A priest in Brooklyn, Iowa, where 20-year-old college student Mollie Tibbetts was found dead Tuesday, urged mourners at a prayer service to forgive the person who killed her.
"We need to pray for a spirit of forgiveness for the one who did this," the Rev. Corey Close said at St. Patrick Church to about 250 members of the community who had come to remember Tibbetts, according to a USA Today report. "Faith teaches us that Christ came to forgive us. We're all in need of forgiveness. We're all sinners. None of us are exempt."
On Tuesday, Rick Rahn, a special agent in charge for the sector at the Iowa Division of Criminal Investigation told The Washington Post that 24-year-old Cristhian Bahena Rivera, an undocumented immigrant from Mexico, was charged with first-degree murder for Tibbett's death.
Tibbetts, who was studying psychology at the University of Iowa, had been missing since July 18 when she left her boyfriend's to go for a run.
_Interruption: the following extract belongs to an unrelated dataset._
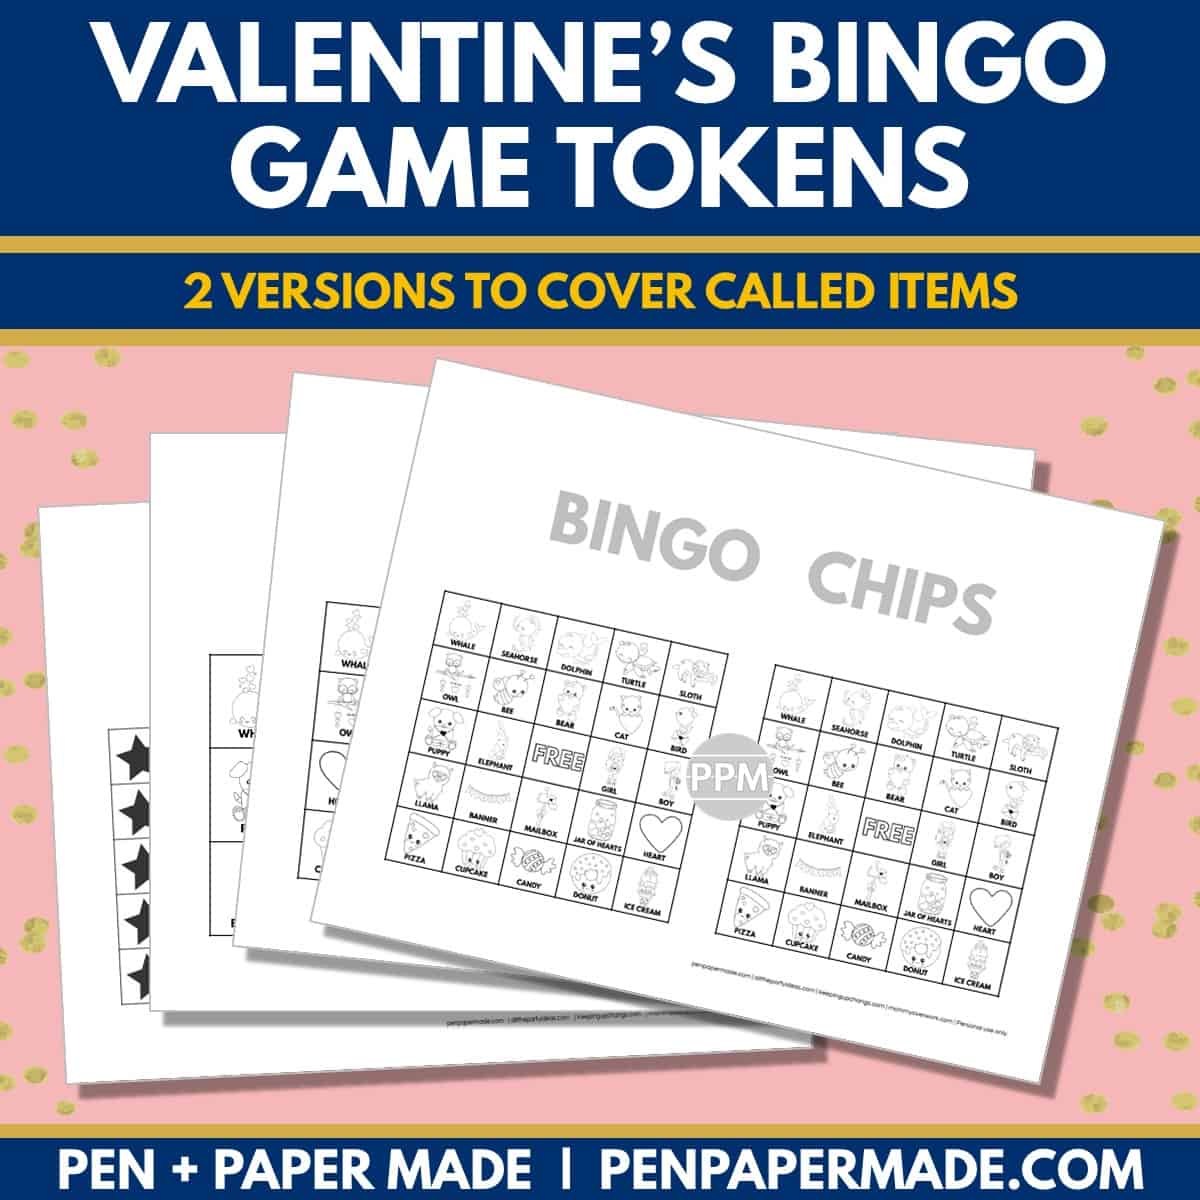 valentine's day bingo card 5x5, 4x4, 3x3 game chips, tokens, markers.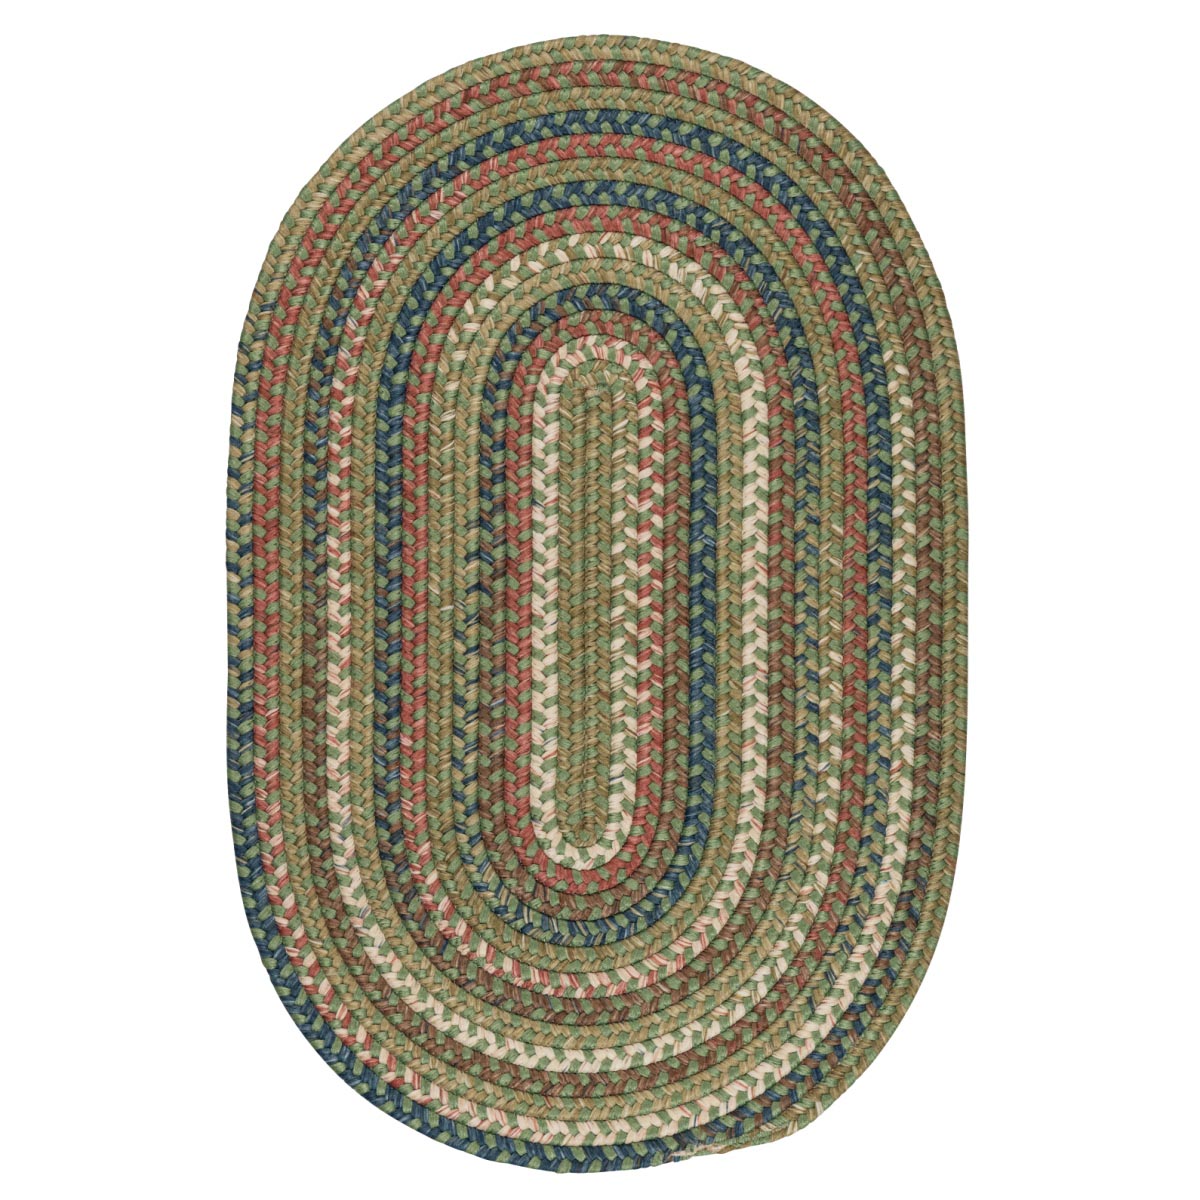 Cedar Cove Olive Outdoor Braided Oval Rugs

Rivera told authorities that he saw Tibbetts running and approached her. He eventually started running alongside or behind her and she grabbed her phone and threatened to call the police. Rahn said Rivera revealed he abducted her during a lengthy interview.
"He was very compliant," Rahn said. "He was willing to talk to us. There was no fight or struggle of any kind."
Documents filed in court note that Rivera panicked after Tibbetts threatened to call the police. He "blocked" his "memory," and does not recall how Tibbetts winds up dead.
What he remembers after panicking however is noticing at an intersection that he had a headphone earpiece in his lap and realized Tibbetts was in the trunk of his vehicle. He found her with blood on her head.
He later dragged her into a secluded place in a cornfield, where he left her face up and covered her with corn stalks, The Washington Post said.
According to USA Today, Tibbetts was confirmed into the Catholic Church in 2015 and was public about the influence of faith in her life.
Despite the advice of the priest calling on members of the community to forgive her killer Wednesday, many did not appear ready to do so.
"I'm just really angry," Dan Brady, who has known Tibbetts for years said. He explained that his son ran cross country with Tibbetts in high school and recalled buying her lunch at a meet not that long ago.
"She didn't have any money," he said.
Brady and several others at the vigil wore a purple T-shirt in Tibbetts' honor that sported her favorite Bible verse, Matthew 17:20 on the front.
"I understand things happen," Brady said. "But it ain't supposed to happen in small-town, rural Iowa."
Many people were hoping to find the college student alive in the weeks authorities searched for her, but in the back of their minds, they also feared the worst, Brady explained. He is relieved now that the uncertainty has ended.
"At least there's an end," he said. "You wish it wasn't, but it is an end."